The Wrong Logo Design Will Hurt Your Brand

Last post we talked about how your logo is not a brand. You’re probably wondering why then I am saying that the wrong logo will hurt your brand.

Let’s go back to our metaphor of your business’ voice being more like a choir. Think of the wrong logo as that guy that just rolled out of bed, showed up late, forgot the words, sings the wrong song and isn’t even on key. On top of it, he’s got a solo right at the start of the performance that’s taking place during the Khatsalano street festival.

Based solely on this one person’s performance, within the first minute people are moving on to the next thing. They either don’t like their singing or have heard this song before performed better by someone else. Those that stick around for the rest of the choir, may enjoy it, but will have try to ignore this off-key wrong song guy just to enjoy the good stuff. He’ll continue singing along the entire performance bringing the whole choir down deterring other potential listeners.

Your business’ logo serves just as much importance. A professional logo designer will execute based on your message, elevating it and singing it in tune.

At first glance, sites like 99Designs and Logo Maker, serve this purpose. Their value proposition seems attractive. Either you get the pick of the litter or you create your own from pre-made elements. To top it off, the price is hard to beat. Let’s take a look a closer look at these.

Crowdsourcing negates the most important part of a successful logo: understanding the client’s message fully, and completely. The cursory design brief on these sites does not allow for the designers to be in tune with the choir. And how could it? They will likely get one or two pieces of information like the song, and perhaps the key. But what they are missing is which instrument to use, when to start playing, and the sheet music itself.

The attractive aspect of crowdsourcing is the options. So what if they aren’t quite the right fit for the band. You’ve got hundreds of options to choose from. One of them must be an alright fit, right?

Let’s cool it on the music metaphor for a second and try another gear.
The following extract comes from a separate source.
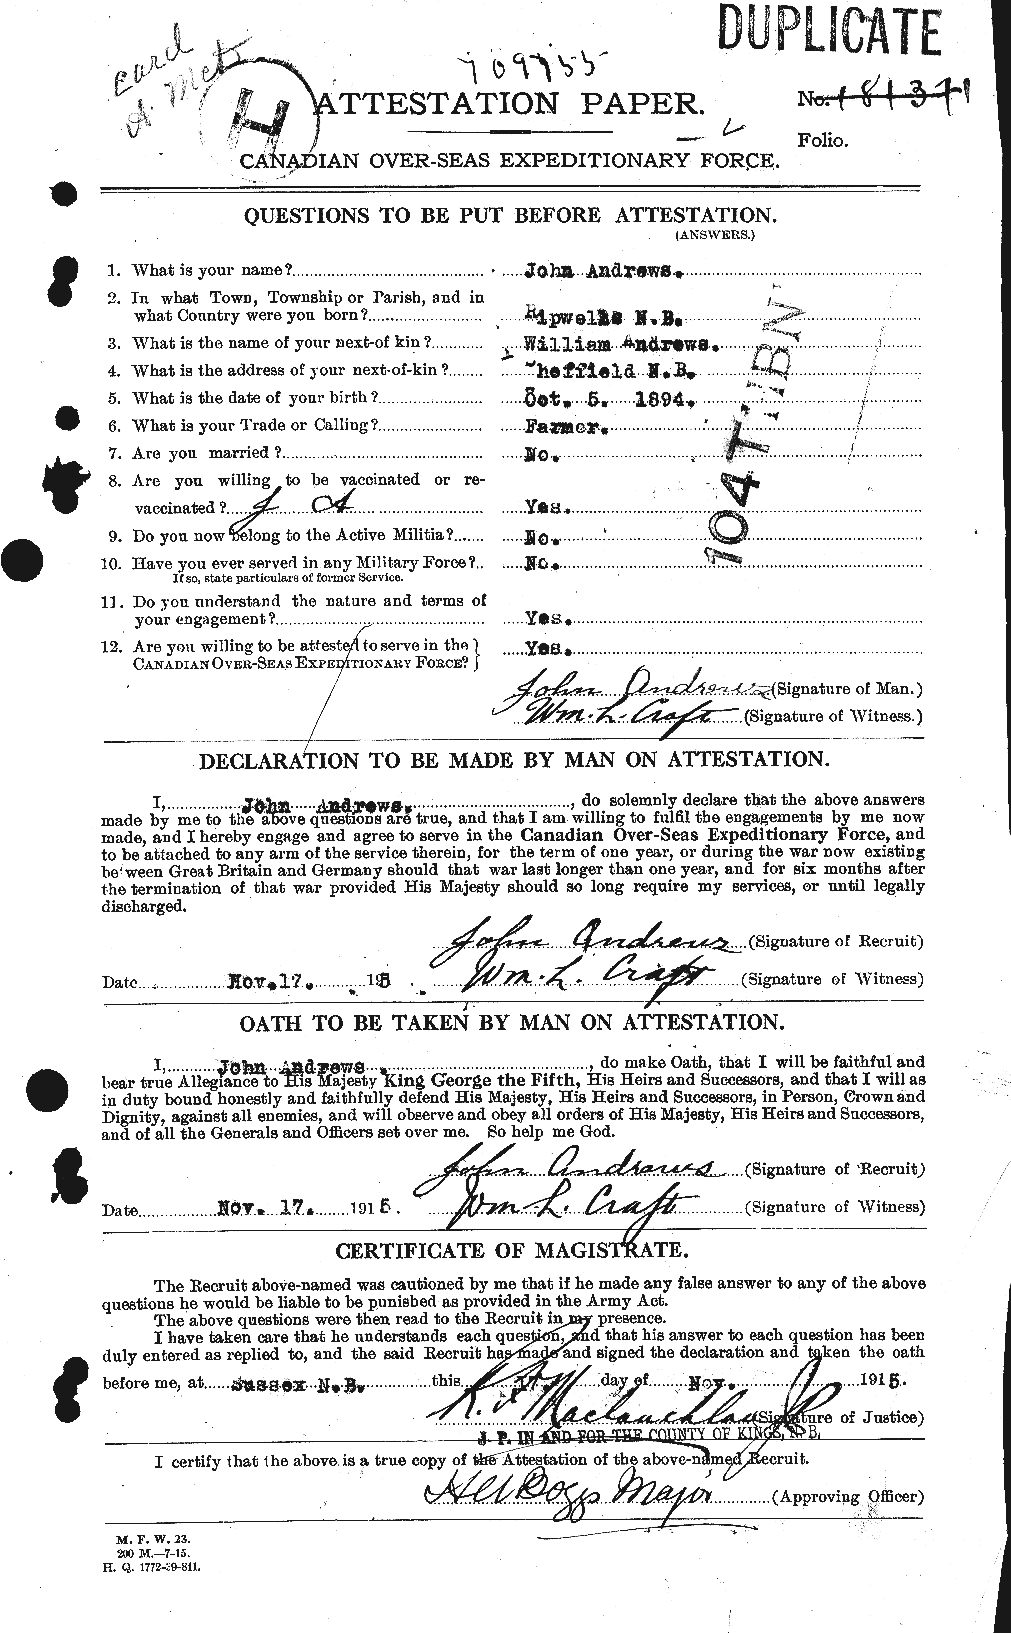 Dossiers du Personnel de la Première Guerre mondiale - CEC 210211a

What If you’re starting a food truck. You're thinking about things like your offerings, fridge size, and location. Looking at a bunch of options is like looking for shelving at IKEA. At first it’s exciting but eventually your decision fatigued and your time could be better spent focussing on your strengths. Something will serve the purpose though. It will, and it will be very budget friendly, but wouldn’t it be more effective if someone fully understood your goals and came back to you with the shelf that fit that random nook perfectly and had a built-in spice rack? No more thyme flying around while you drive. That’s not even a problem you knew you had, but the carpenter was able to deduce it after understanding your situation fully. We’re not even mentioning the fact that with an IKEA shelf you still need to do some assembly on your part and the longevity of it is limited.

What’s a little elbow grease?

I have nothing against IKEA— I’ve got plenty of IKEA furniture at home. It works for us and fits our budget. The difference is that I don’t make money from my kitchen table. At least with IKEA the pieces fit together. IKEA’s options are professionally designed. With crowdsourcing it could be anybody’s guess.

It may come to you as no surprise, but I wholly do not recommend using a crowdsourcing platform for your business’ logo. It could be detrimental in the long run and cost you customers.

What will serve you best is a designer that puts the time in to understanding your situation.

Back to our choir metaphor, I mentioned our soloist that sings someone else’s song. I liken this to logo generating platforms like Logo Maker. However, this is a pitfall that any logo can find itself in without proper research and discovery from any designer.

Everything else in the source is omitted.